Exercise description
Below is a listing to copy exactly; no image goes into the copy.

Data shown
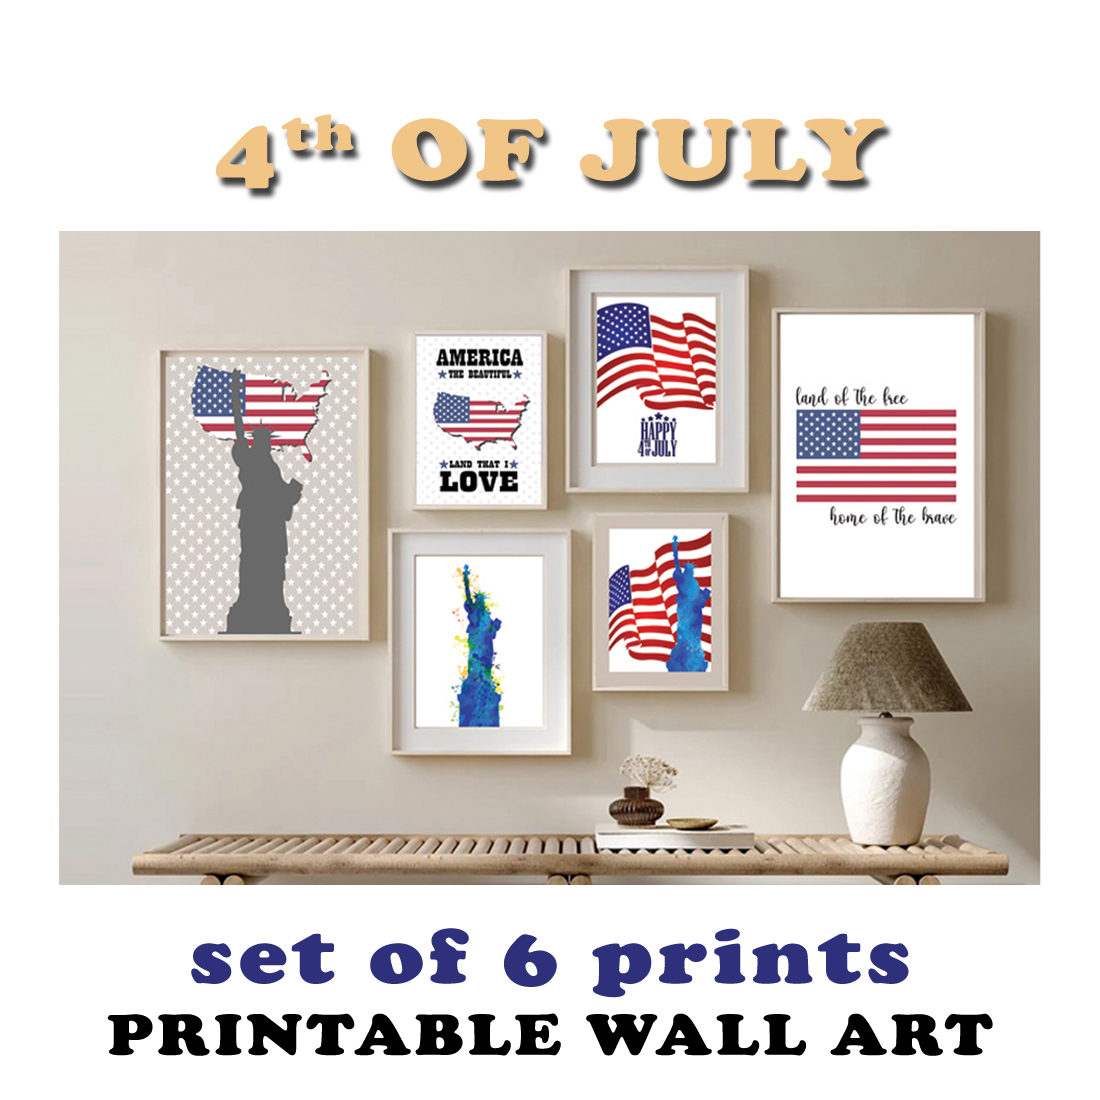 4TH of july printable wall art -set of 6 prints-Printable wall art cover image.
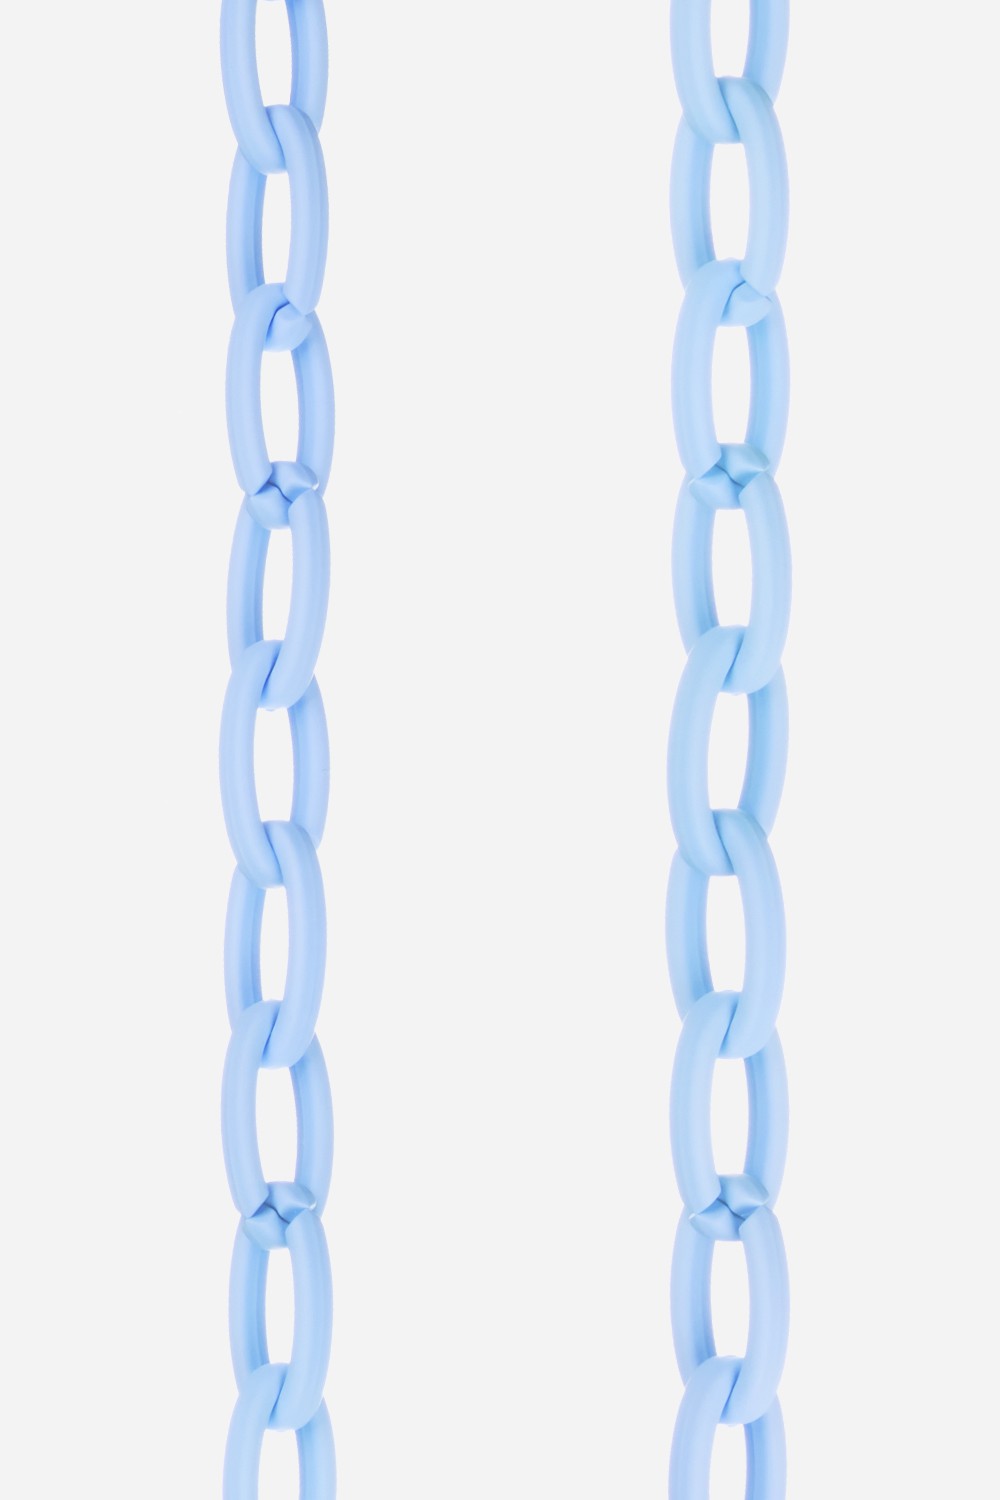 Zoe Long Chain Blue 120 cm
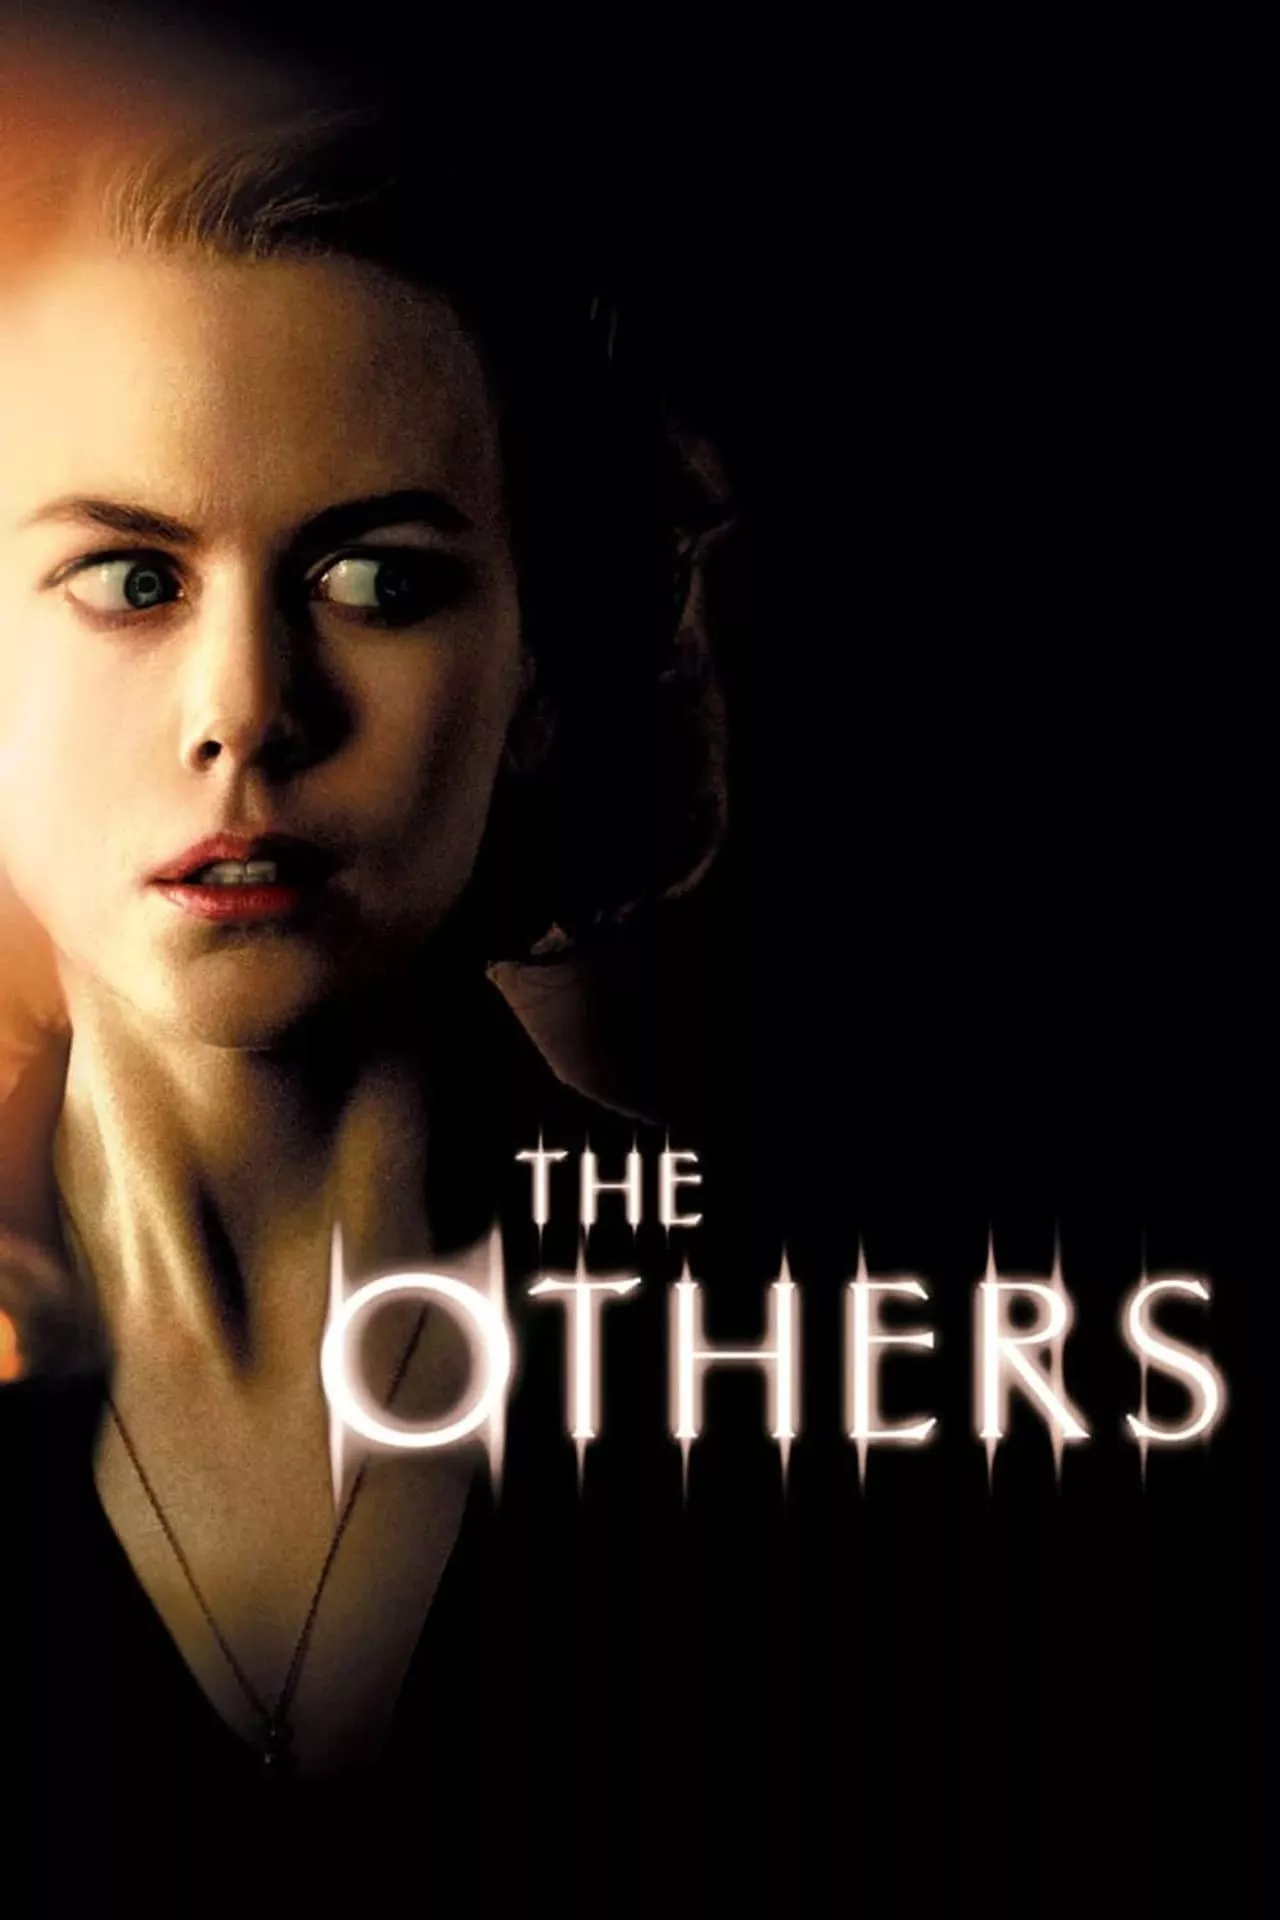 The Others (2001) คฤหาสน์ สัมผัสผวา

Result
 4TH of july printable wall art -set of 6 prints-Printable wall art cover image.
 Zoe Long Chain Blue 120 cm
 The Others (2001) คฤหาสน์ สัมผัสผวา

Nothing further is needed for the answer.